October 27, 2021 Minister’s Message

“I love myself when I am laughing. And then again when I am looking mean and impressive.” This quotation come from African American and Harlem Renaissance writer Zora Neale Hurston. I copied it onto a piece of paper in 1985, when I first taught her novel Their Eyes Were Watching God. The paper is tattered and taped, fading, but still visible to me every day. It reminds me of my father and his two major affects—laughing and looking mean and impressive. When I found this quotation, I didn’t realize it captured my dad, but it does. It mirrors the ways that I have been writing about my father ever since I was a teen, struggling to understand and reconcile him, his largeness and its impact on my person and my life, the history that shaped him and that is still shaping me.

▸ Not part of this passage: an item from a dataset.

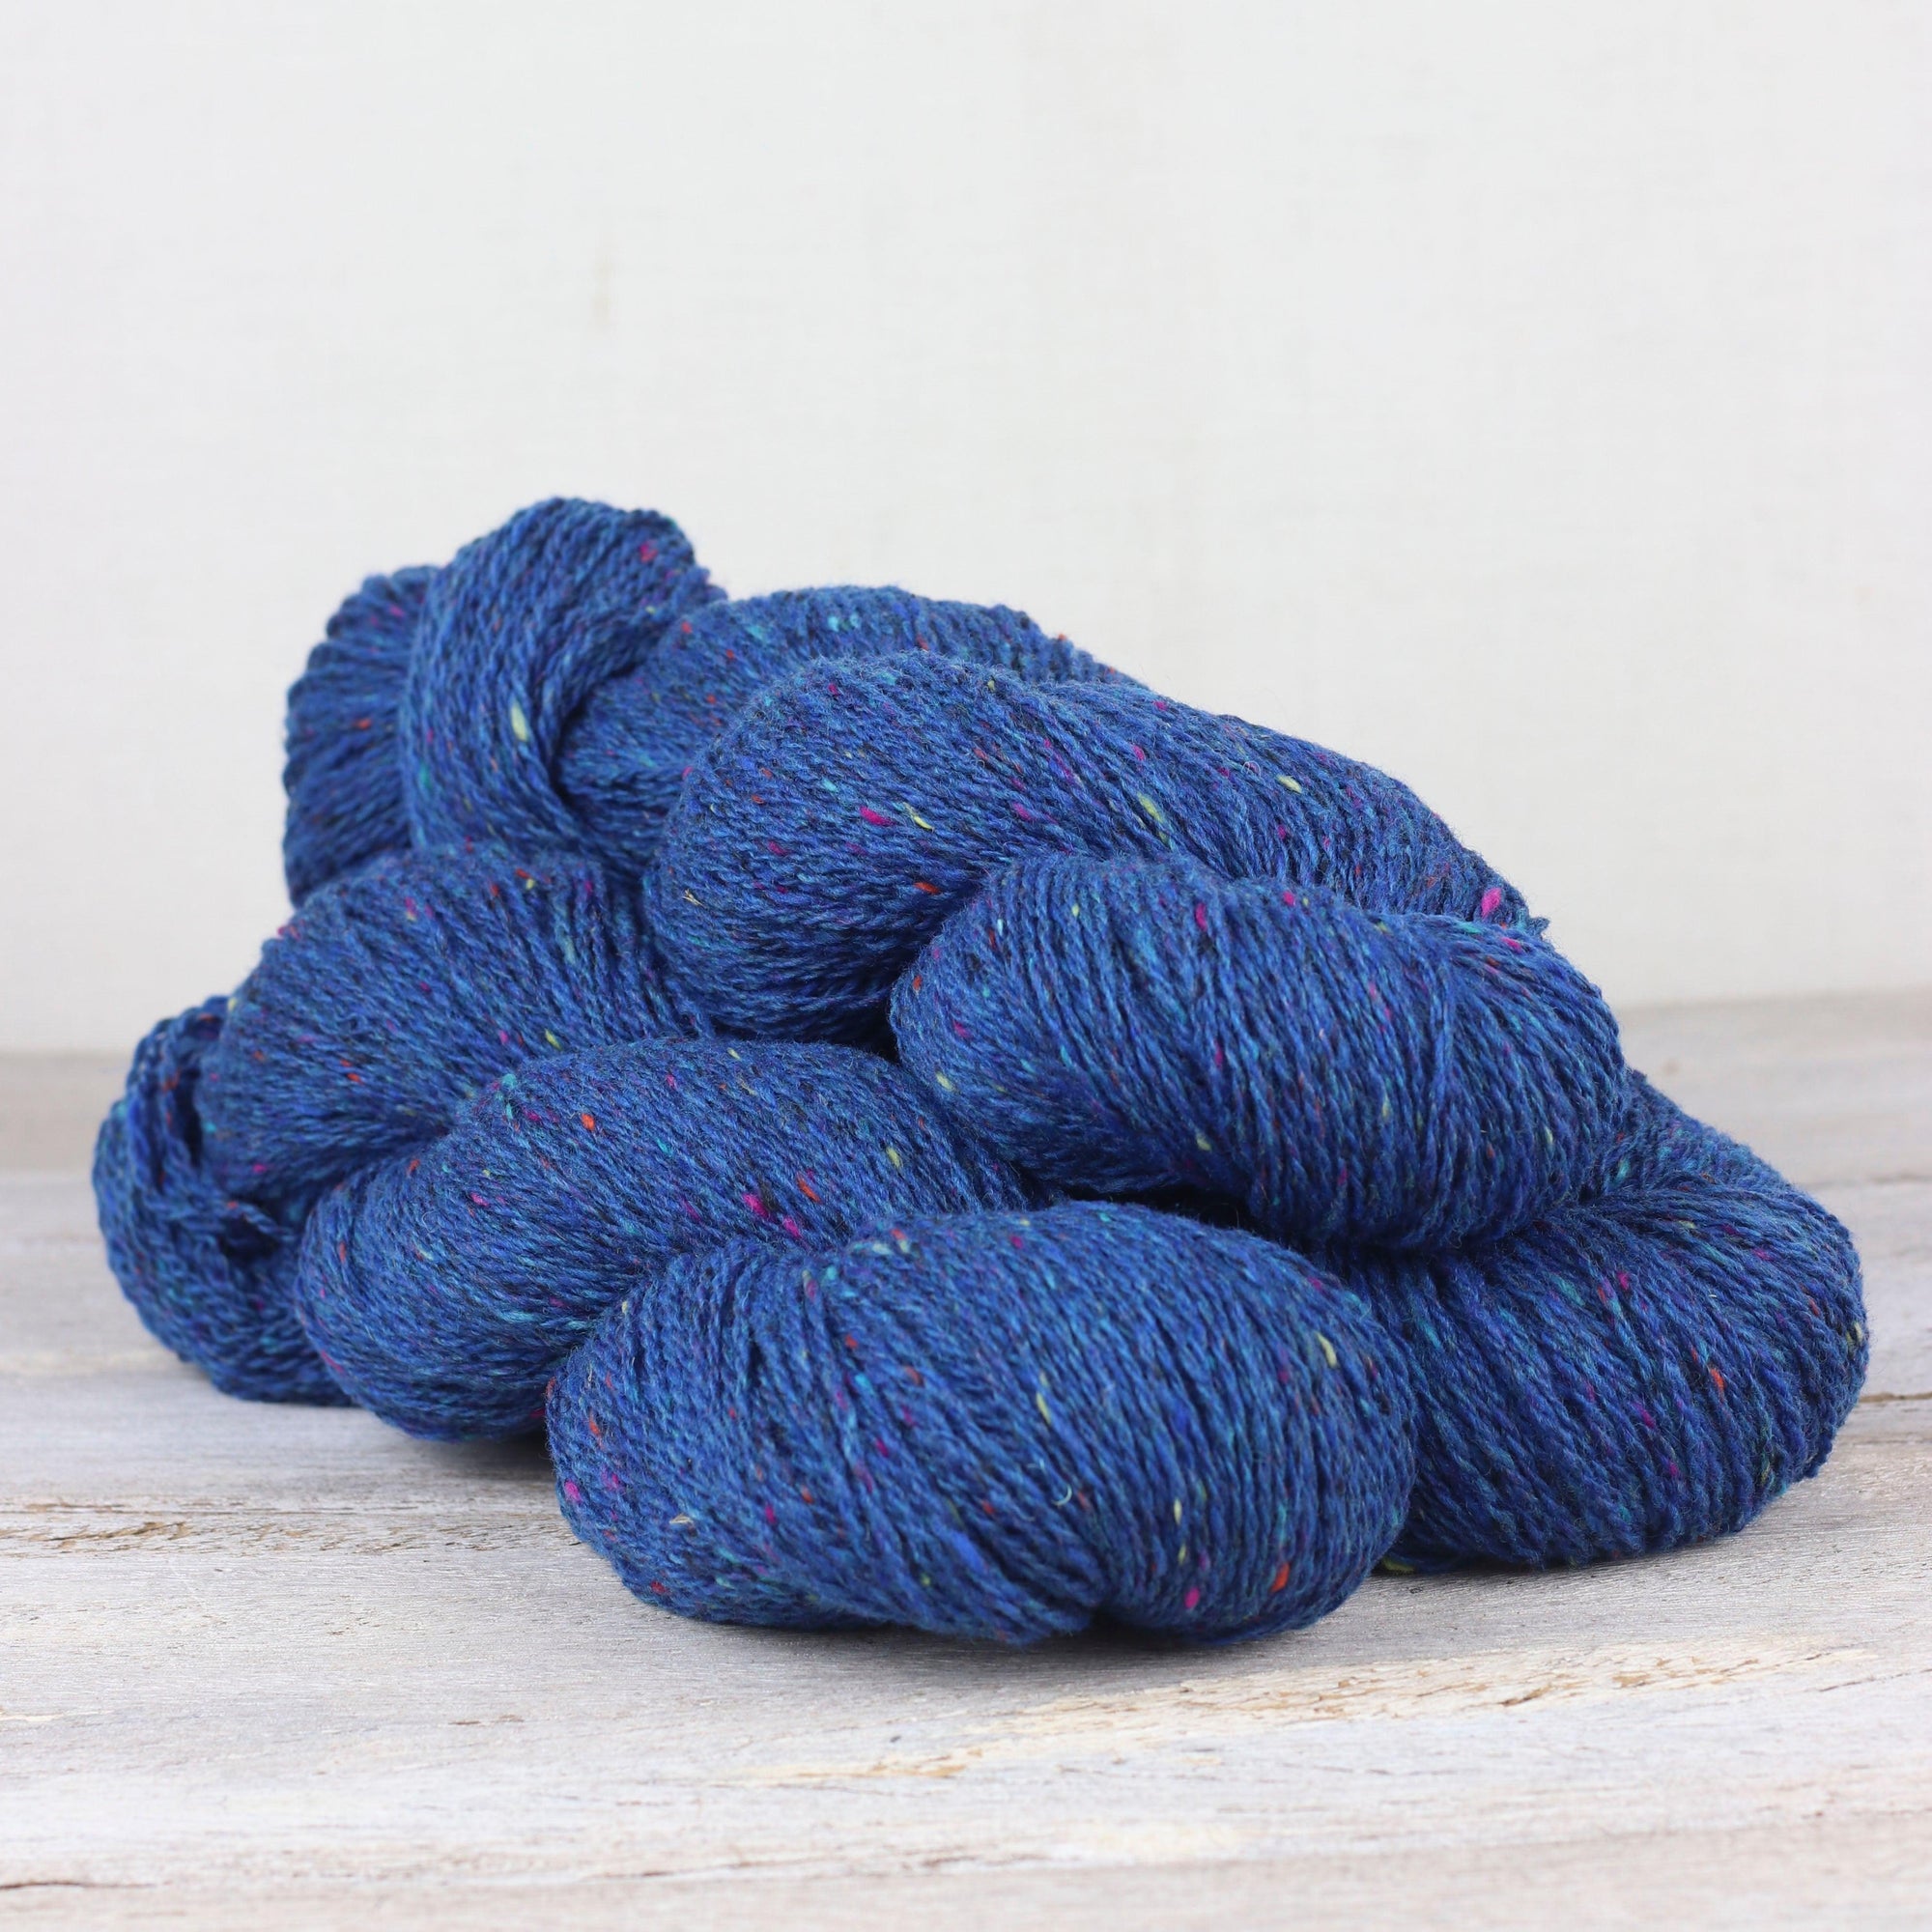 The Fibre Co. The Fibre Co. Arranmore Light - Rioga - DK Knitting Yarn
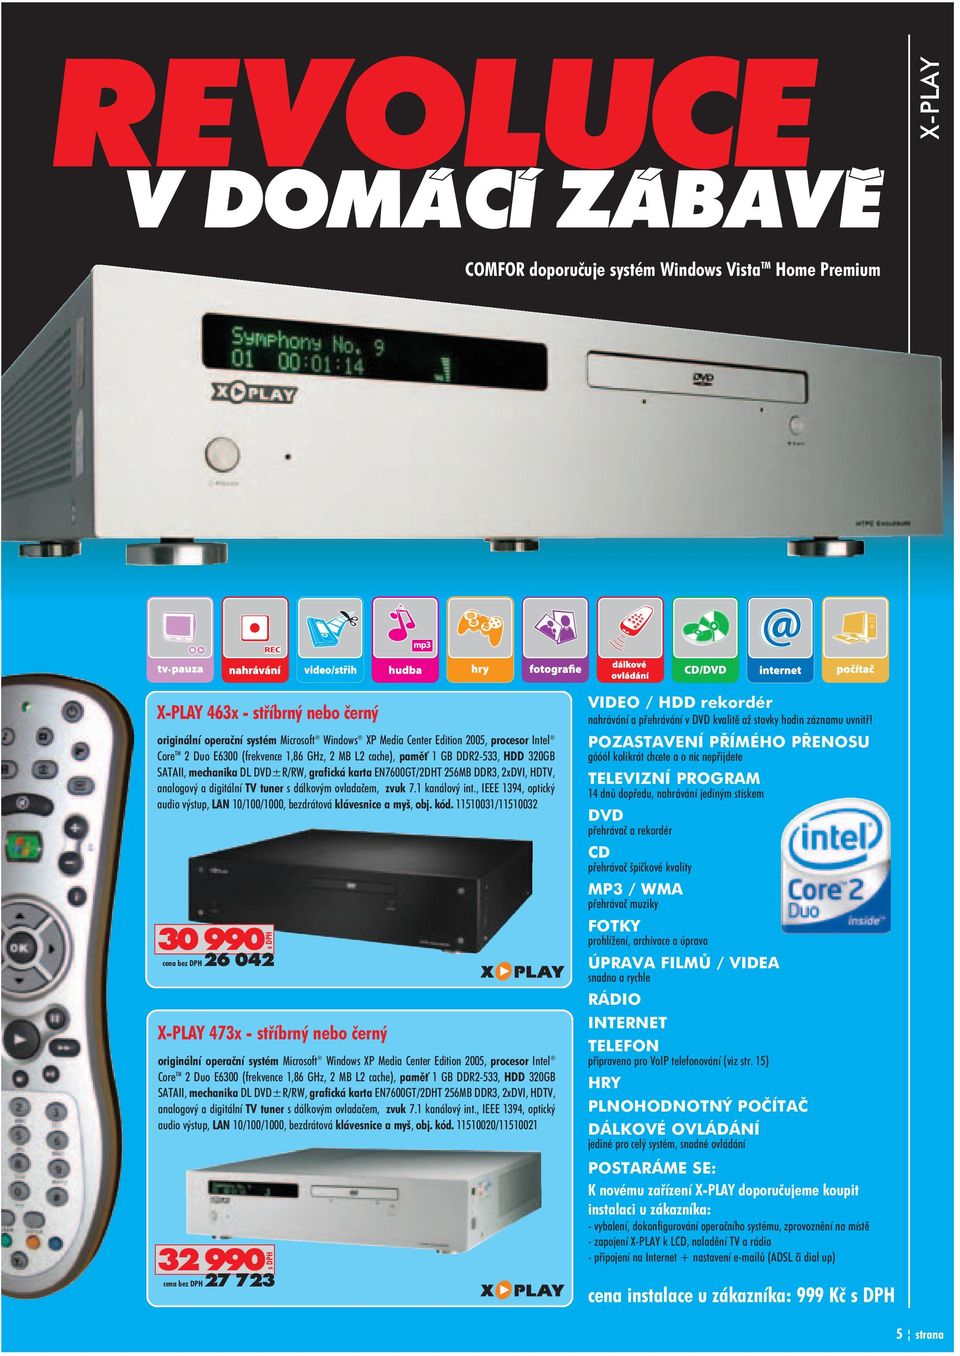 digitální TV tuner s dálkovým ovladaèem, zvuk 7.1 kanálový int., IEEE 1394, optický audio výstup, LAN 10/100/1000, bezdrátová klávesnice a myš, obj. kód.

I spend more time in communication with my father now that he is dead then I did in the last several months of his life. He looms large for me again, like when I was a teen. I am in a stage of life that I did not expect to be in at 60 years old—who am I now, without my father’s living presence? All of you who have lost someone close to you, formative to who you are in fundamental ways, you understand already what I now am just beginning to feel: Our dead ones remain with us, and they continue to help us understand ourselves, who we are and who we want to be, long after they are gone.

In this season of the thinning veil, may you find solace in the love of your departed ones. May you freely share hard legacies and regrets with loving companions, including me, as you remember, today and every day, that you are loved, you are worthy, you are welcome, and you are needed. May you feel it so, and may it be so.